Артур растерянно посмотрел на Профессора Кима, потом перевел взгляд на девочку:
— Где ты это прочитала, Дора?
Дора лишь пожала плечами.
— Заметь, — усмехнулся Профессор Ким, — в своих рассуждениях о Небесной Книге дитя оперирует абстрактными понятиями.
— Не надо меня путать, — рассердилась Дора. — Ничего подобного я не говорила. А если вам не интересно…
— Что ты, очень интересно! — Ким примиряюще поднял руки: — Продолжай, пожалуйста.
— На чем я остановилась?
— Знание.
— Да — Знание. И со-Знание, буквы. Сознание — это только сопричастность к Знанию, и, видимо, лишь к небольшой части. Это даже так и называется: со-Знание.
— Дора… ну-ну.
— И вот эта причастность, — продолжала девочка, — сознание, и превращает Большие Истории в Маленькие Истории. Вот и все. Чего тут непонятного?
— Конечно, — усмехнулся Артур, — подумаешь, бином Ньютона! Получается, что мы, буквы, творим весь видимый мир. Твой друг Профессор мог бы тебе что-то и рассказать о солипсизме, Дора. Именно так называются подобные воззрения.
— Я не говорю, что мы творим весь видимый мир. — Дора удивленно пожала плечами. — Я что, по-вашему, совсем того?! Я только говорю о превращении Больших Историй в Маленькие Истории.

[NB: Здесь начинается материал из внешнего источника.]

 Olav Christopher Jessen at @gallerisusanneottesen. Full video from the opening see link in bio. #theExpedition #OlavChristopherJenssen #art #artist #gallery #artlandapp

— При помощи сознания внутри нас.
— Почти по Канту, — быстро вставил Профессор Ким. Его явно забавляла эта беседа.
— Ну ни при какой ни при помощи. Это какая-то путаница у вас в голове… Сознание внутри нас, а мы— внутри его. Проще сказать, что сознание — это и есть Маленькие Истории. Как их по-другому вытащить из этой книги? Только… и Большие Истории… ну, как в зеркале — это отражение сознания.

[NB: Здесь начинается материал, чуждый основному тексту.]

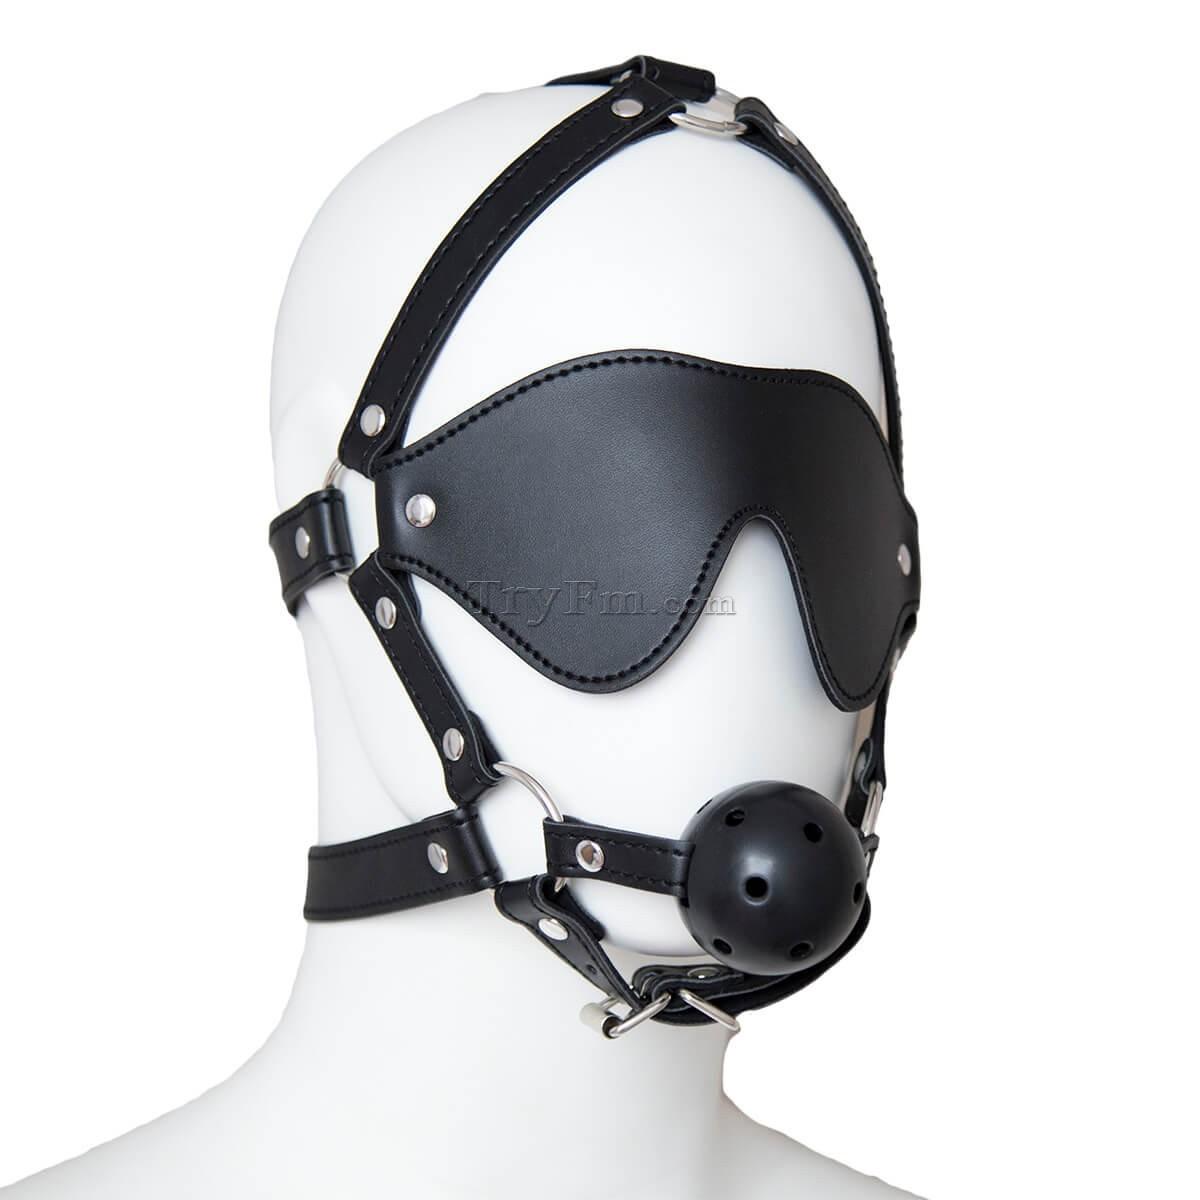 24-Blindfold-Harness-and-Ball-Gag-6.jpg

Артур покачал головой, затем улыбнулся и перевел взгляд на Профессора Кима:
— Для этого Ким и вооружился папуасским копьем?

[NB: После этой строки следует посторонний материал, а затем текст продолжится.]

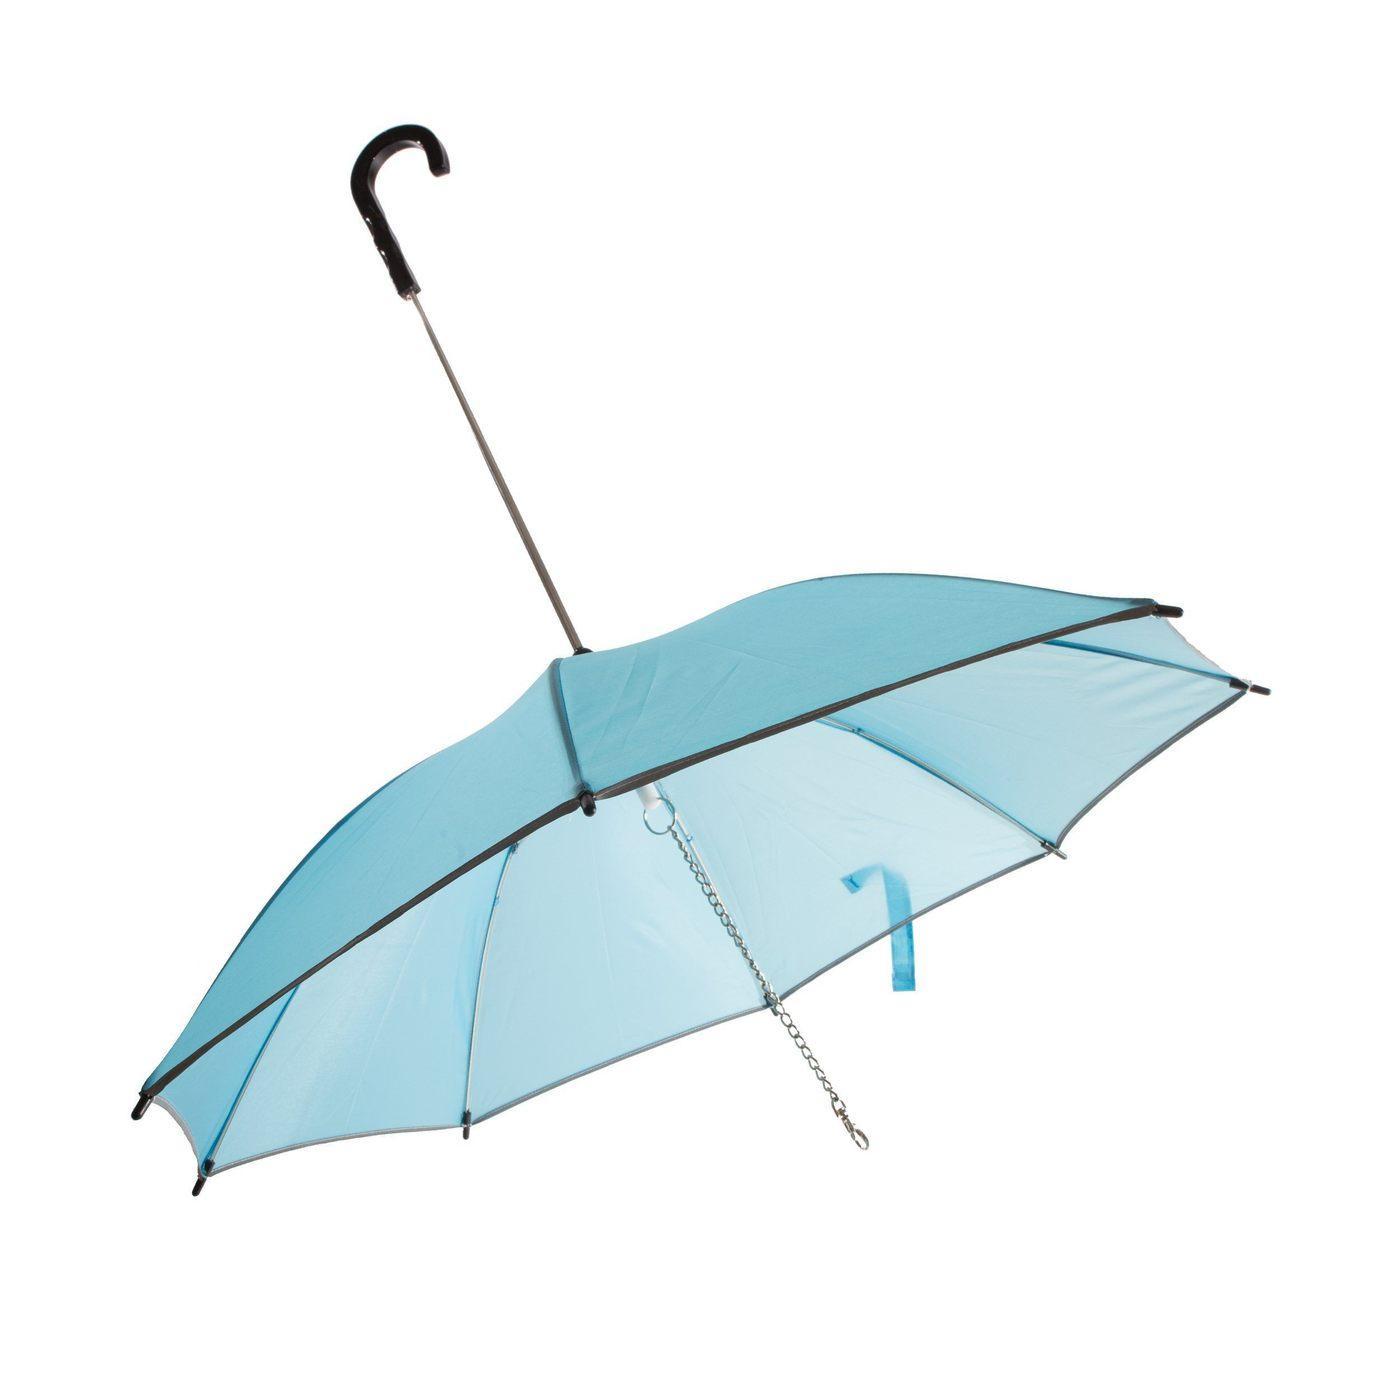 Pet Life 'Pour-Protection' Performance Dog Umbrella - Light Blue with Black Handle

— Копьем африканских шаманов, — уточнила Дора, — а настоящие шаманы часто бывают в Больших Историях.
— Хорошо. — Артур кивнул. — Но все-таки ответьте на мой вопрос: то молоко в миске у дверей — это тоже Большие Истории?
— Молоко, которое мы налили в миску, — проговорила Дора, исподлобья глядя на Артура, — в отличие от некоторых взрослых, помнит Большие Истории. И нам остается только надеяться, что оно не успеет повзрослеть и не подведет нас…
Вот так. Ни больше ни меньше.
И сейчас Артур громко спросил:
— Ну как там у вас?
— Пока порядок, — отозвался Олежа. — А у вас?
— Все тихо.
«У вас! — подумал Артур. — По большому счету — я здесь один. С Кимом не особо пообщаешься».
Артур снова потянулся за сигаретой. Что-то он стал слишком много курить. Курить и пить кофе. И вообще надо заняться этим. Прямо с понедельника. Нет, совсем бросать курить он не собирается, но, скажем, ограничиться пятью — семью сигаретами в день вполне возможно. И тремя чашками кофе. Вот прямо с понедельника и начнем.
— А что делает ребенок? — поинтересовался Артур.
— Ничего, — как-то странно проговорил Олежа. — Стоит. Стоит посреди холла.
Холл в квартире Профессора Кима был светлый, просторный.
— Прямо как у нас, — сравнила Дора и подумала, что больше всего на свете ей хочется сейчас домой. Но она отогнала эту мысль.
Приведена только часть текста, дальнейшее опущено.